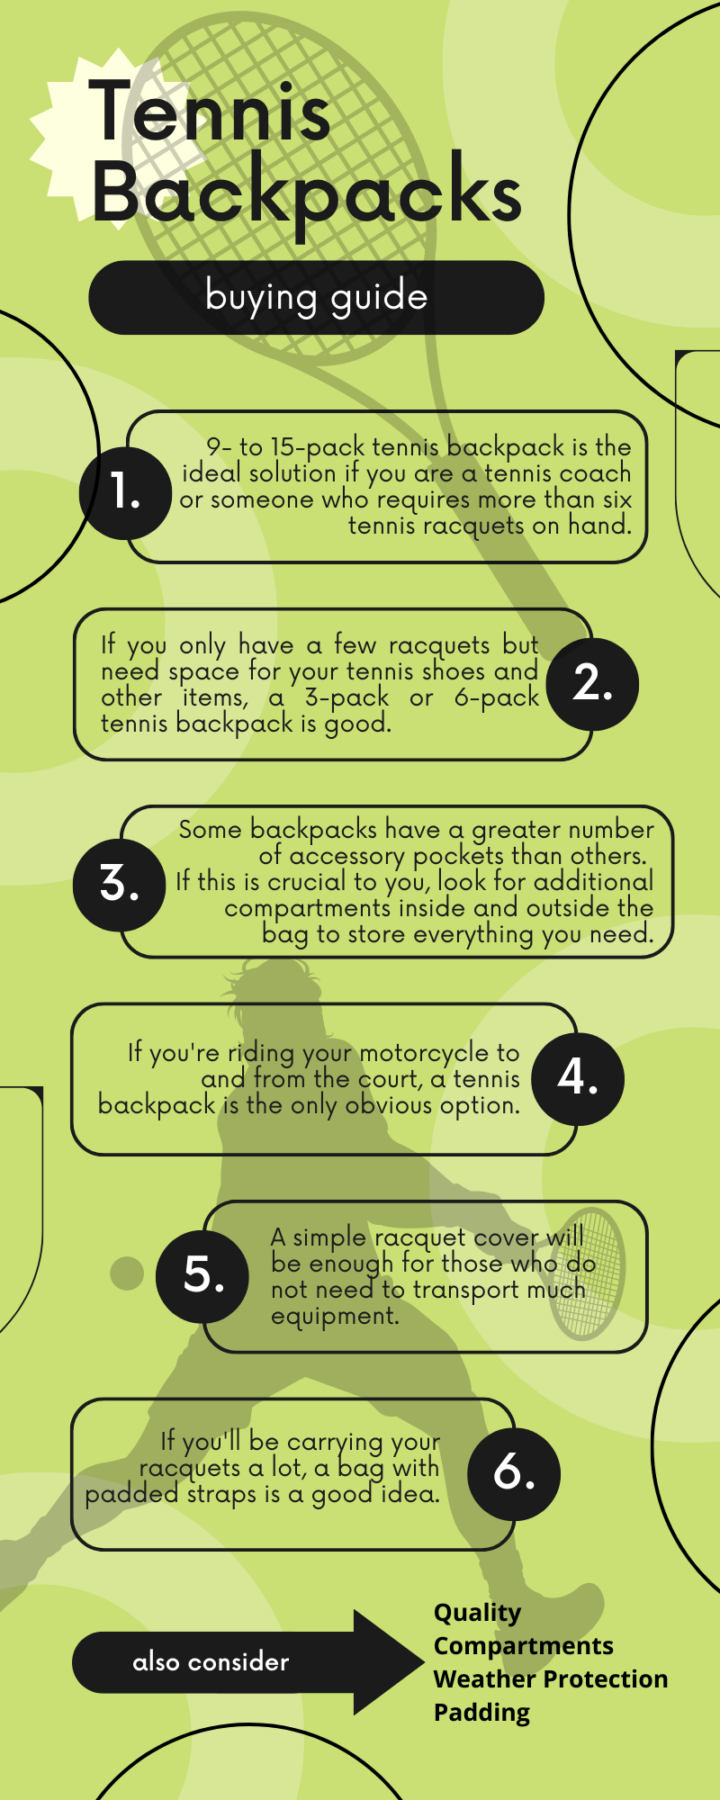 Tennis Backpacks infographic
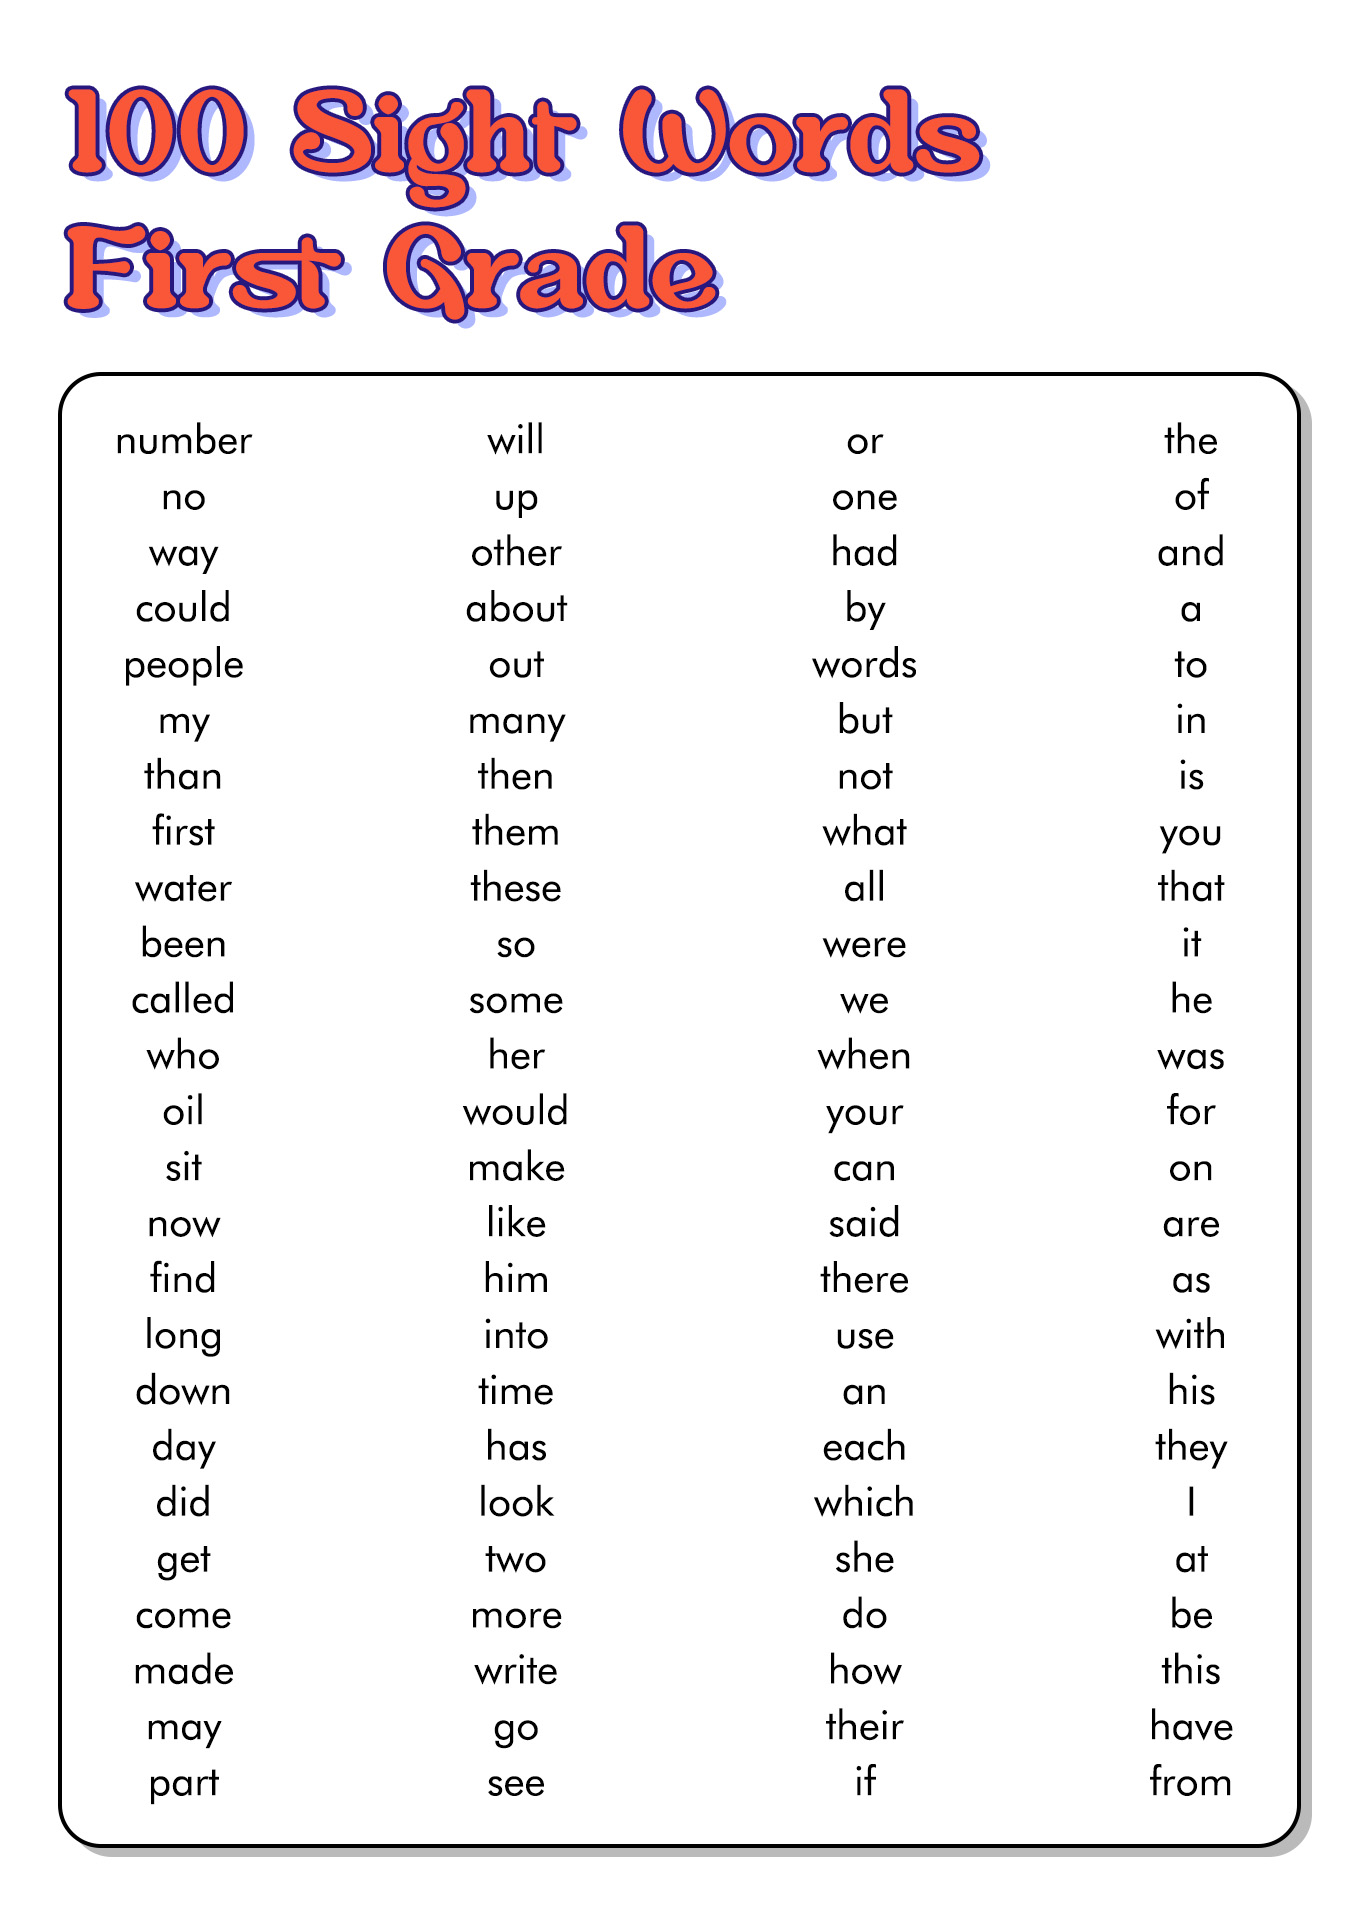 100 Sight Words First Grade Image
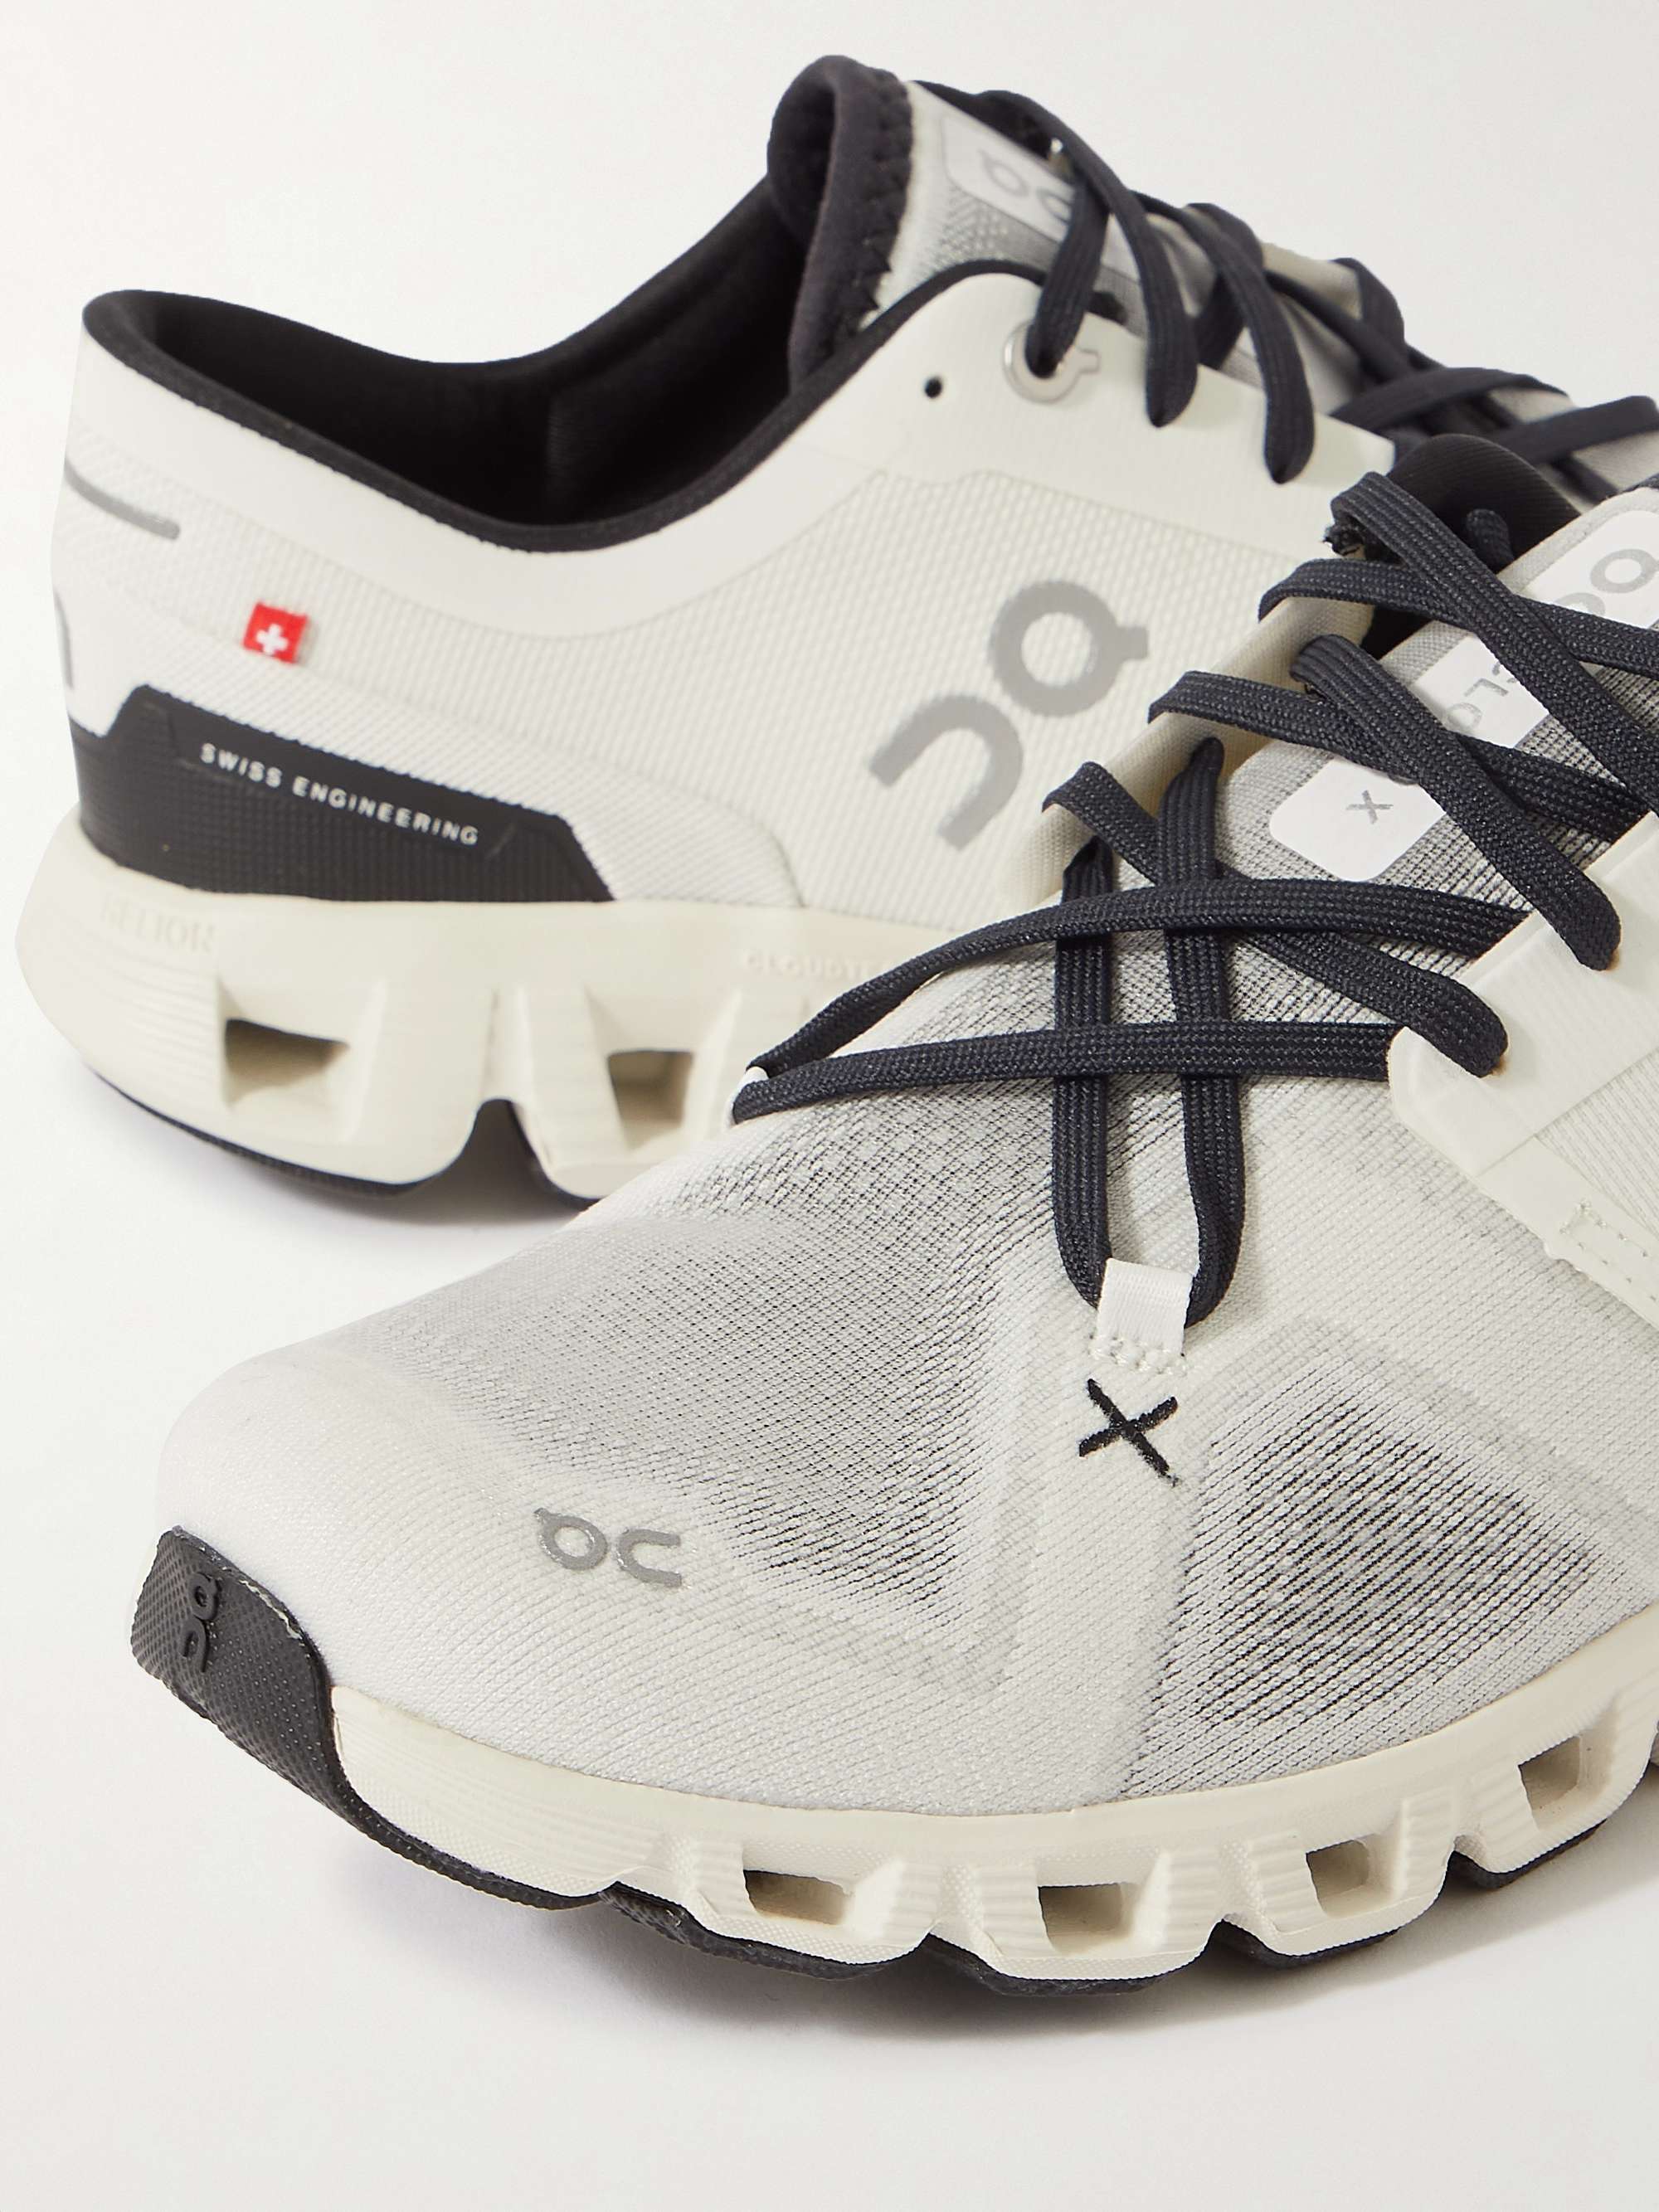 ON-RUNNING Cloud X3 Rubber-Trimmed Mesh Running Sneakers

■ ■ ■ ■ ■ ■ ■

• _Problem requirements_: All of the lines above must be repeated without alteration, though the pictures are to be excluded.

• _Your solution_:
 Tennis Backpacks infographic
 100 Sight Words First Grade Image
 ON-RUNNING Cloud X3 Rubber-Trimmed Mesh Running Sneakers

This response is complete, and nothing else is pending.